If you’d like to confirm that your code actually changed something in the environment, you’d create an integration test. An integration test actually goes out and reads whatever item your code was supposed to have changed and compares that value against an expected value. If your code was meant to create a VM, an integration test actually executes your code and then immediately confirms that the VM was created in the correct manner.

Getting more granular is a unit test, which confirms correct code execution. It is not aware of the environment at all. A unit test confirms that the code ran as you expected it to run. Whether it actually changed anything in the environment is up to the integration test. A unit test confirms your code attempted to create that file in an expected path, that VM with a particular name, or that local user account with a certain description. Unit tests ensure the code you expect to run executes and follows the pattern you intend it to.
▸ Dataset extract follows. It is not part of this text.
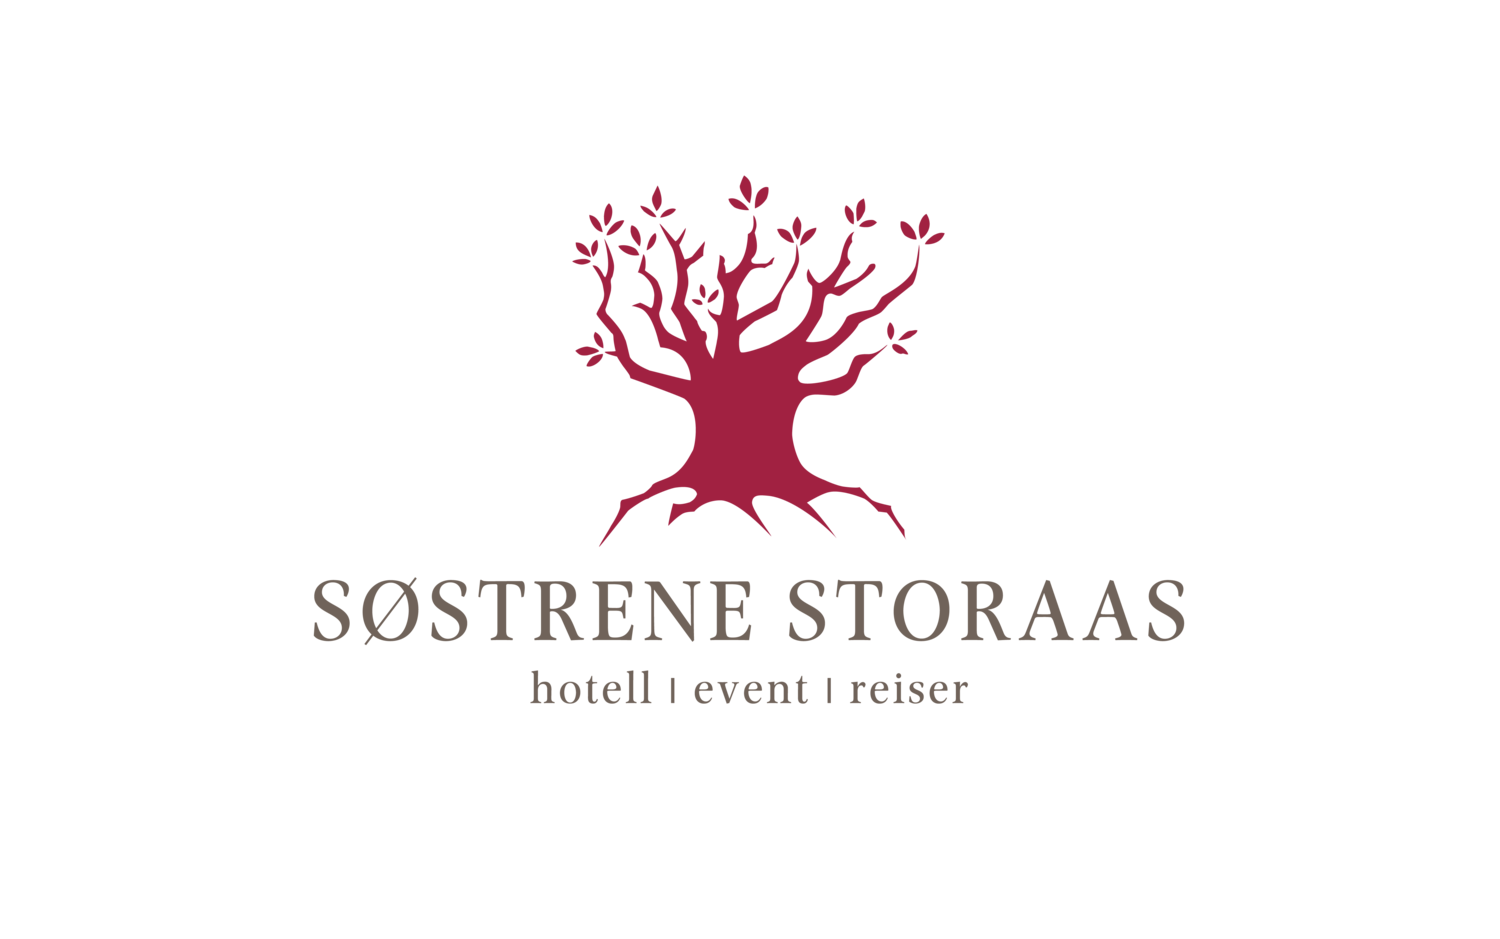 Søstrene Storaas - Hotell, Event, Reiser
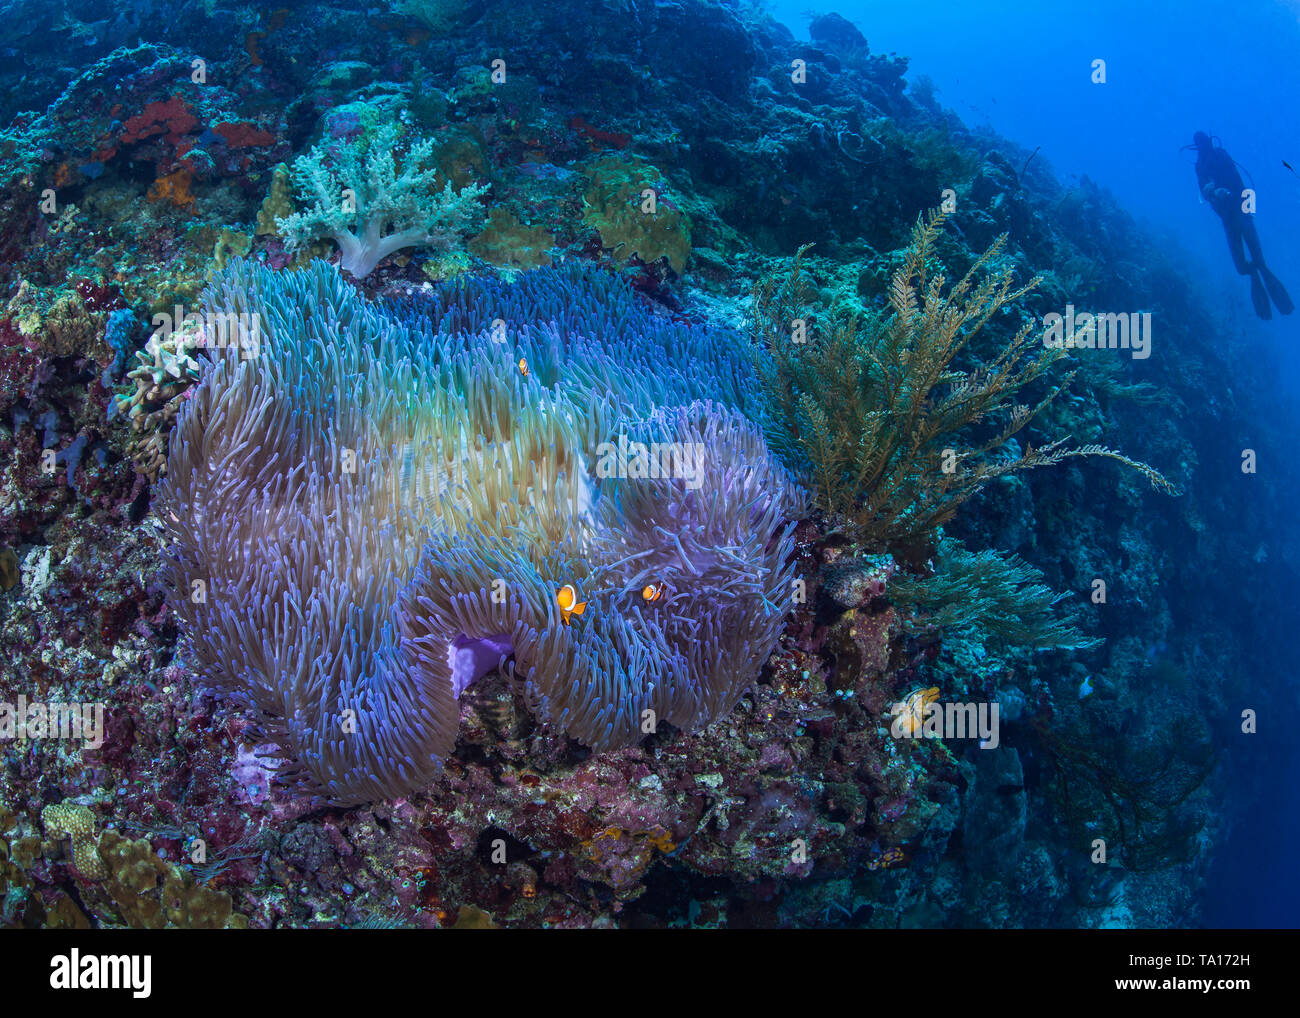 Magnifico bioluminescente anemone a clownfish immerso nei suoi tentacoli su una ripida scogliera di corallo con scuba diver guardare in blu sullo sfondo di acqua Foto Stock

It hasn’t been until recently that system administrators and DevOps professionals have needed to define these types of tests in traditional scripting languages. But nowadays, some of this scripting code has become just as important as the production code it supports. This has led to lots of newer testing frameworks. In the Windows ecosystem, that scripting language testing framework is Pester.

Pester is a unit testing framework built in PowerShell. It was designed to create unit tests. But as you’ll see in a minute, because it was built in PowerShell and is open source, a savvy tester is equally able to create integration tests with this framework as well.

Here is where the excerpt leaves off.